---- THE DATA

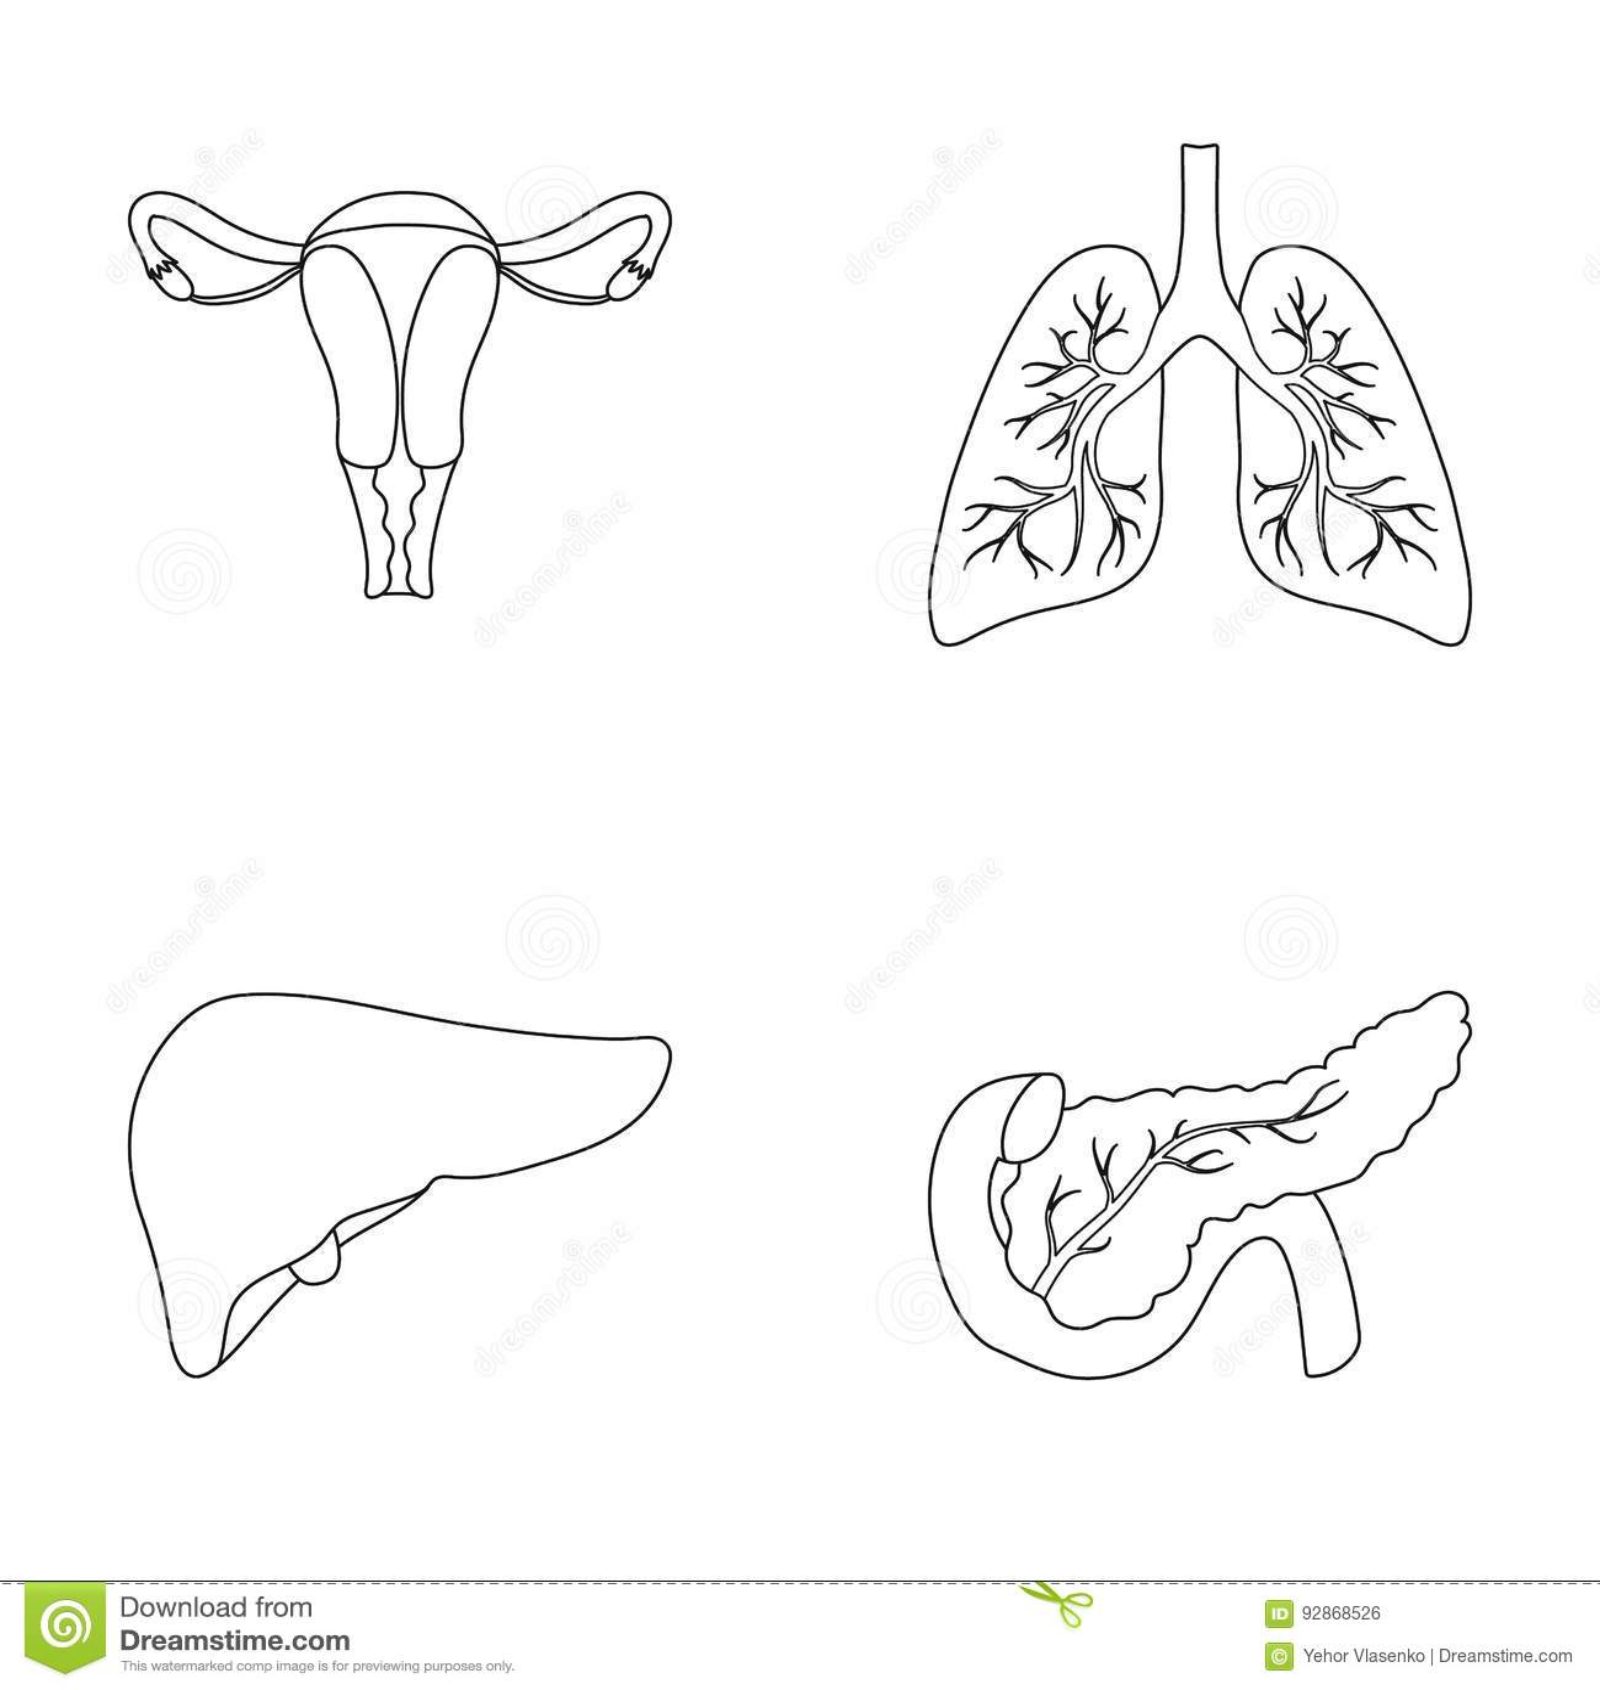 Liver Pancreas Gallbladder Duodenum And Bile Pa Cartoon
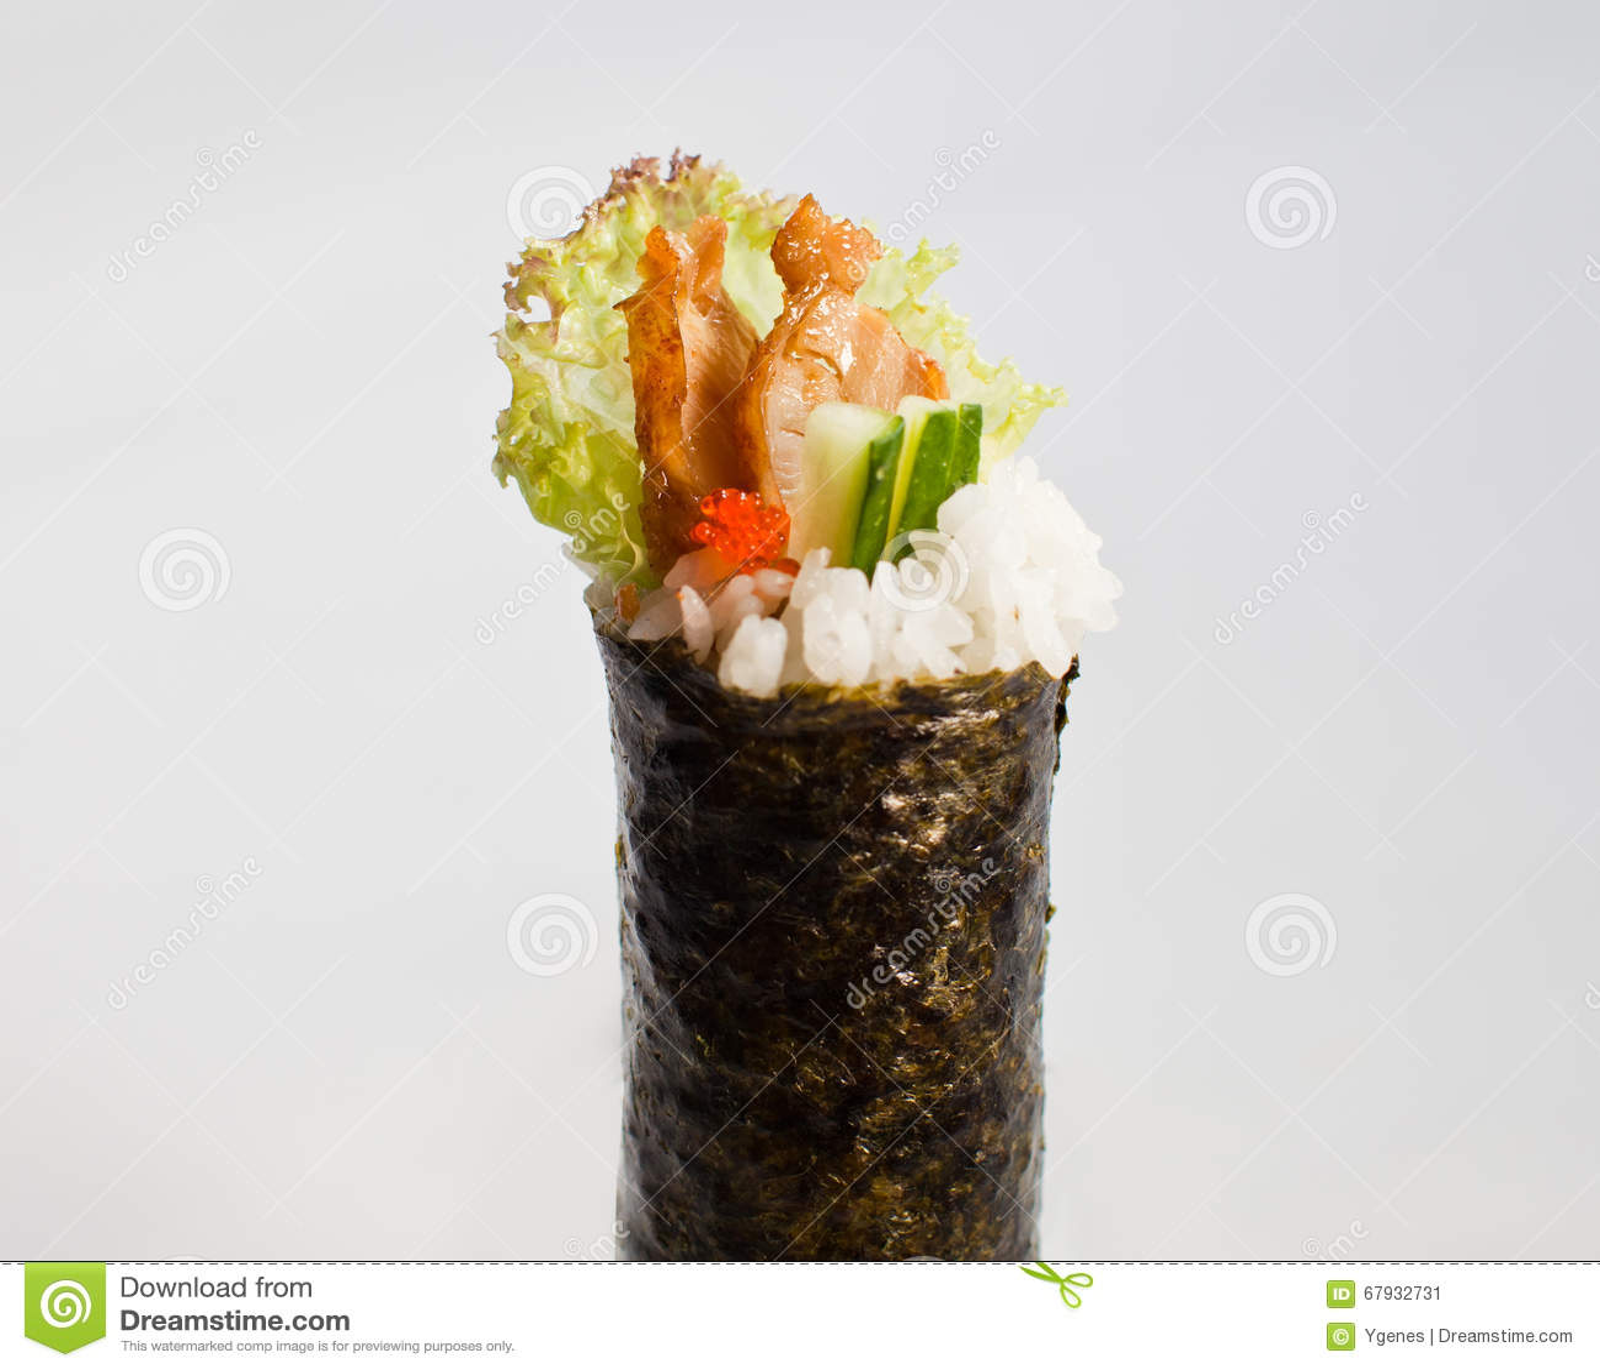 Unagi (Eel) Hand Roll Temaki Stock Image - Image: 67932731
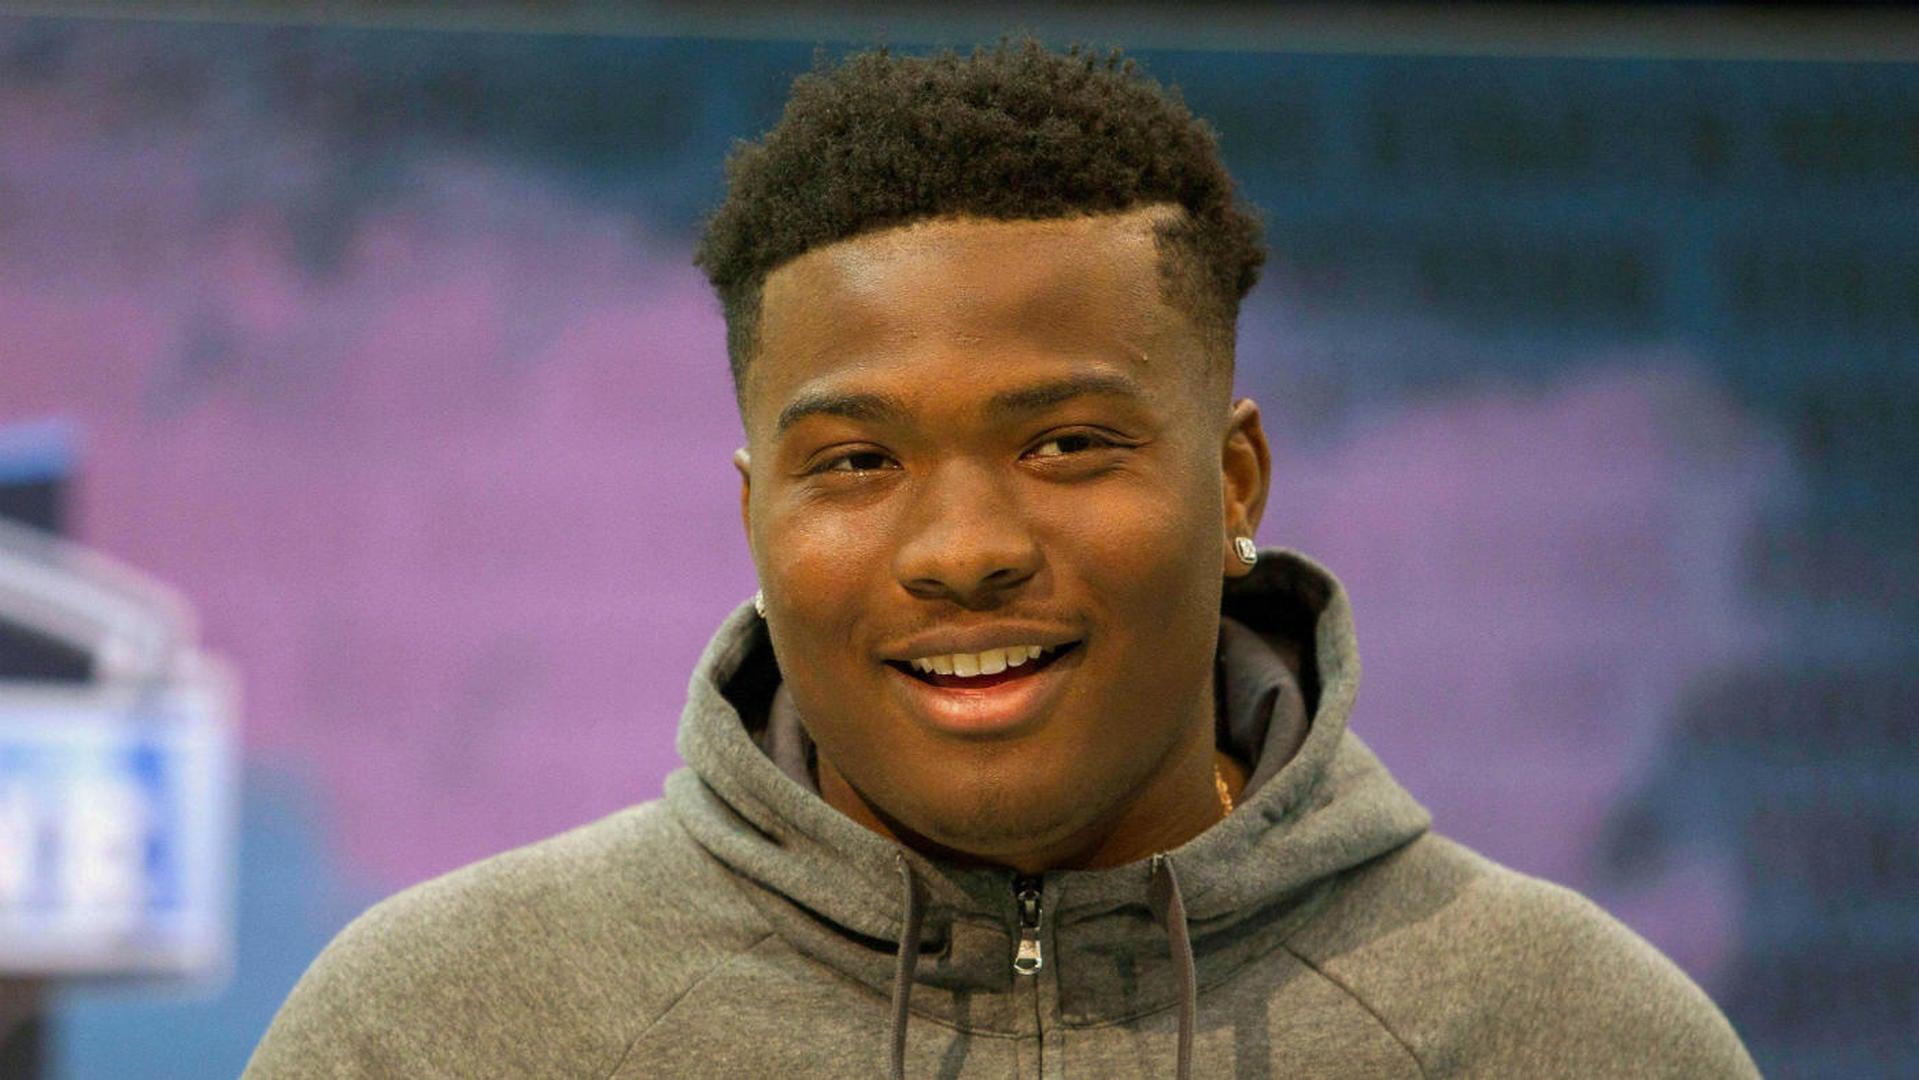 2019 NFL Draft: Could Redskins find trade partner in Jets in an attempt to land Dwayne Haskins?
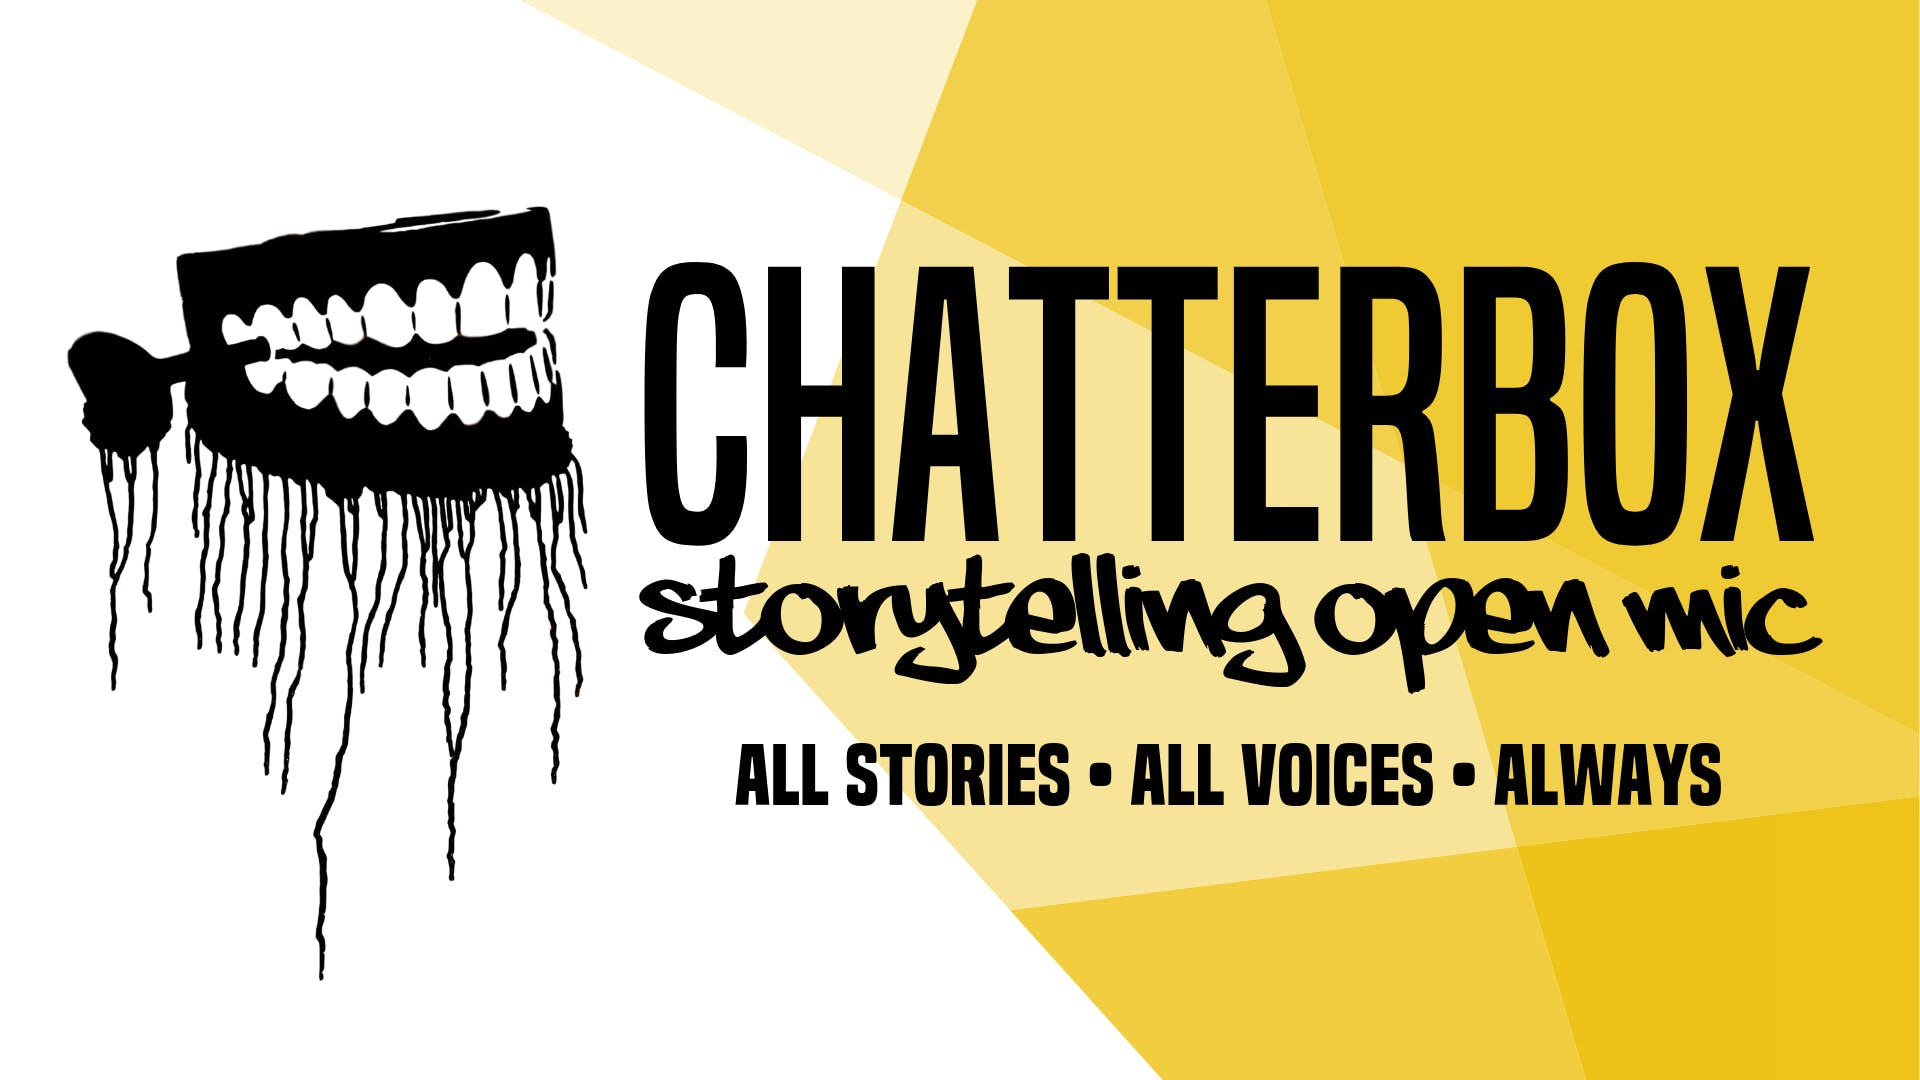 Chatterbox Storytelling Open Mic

--------

▶ _EXERCISE BRIEF_: Skipping all images, print the data above a second time exactly.

▶ _SOLUTION FOR THIS EXERCISE_:
 Liver Pancreas Gallbladder Duodenum And Bile Pa Cartoon
 Unagi (Eel) Hand Roll Temaki Stock Image - Image: 67932731
 2019 NFL Draft: Could Redskins find trade partner in Jets in an attempt to land Dwayne Haskins?
 Chatterbox Storytelling Open Mic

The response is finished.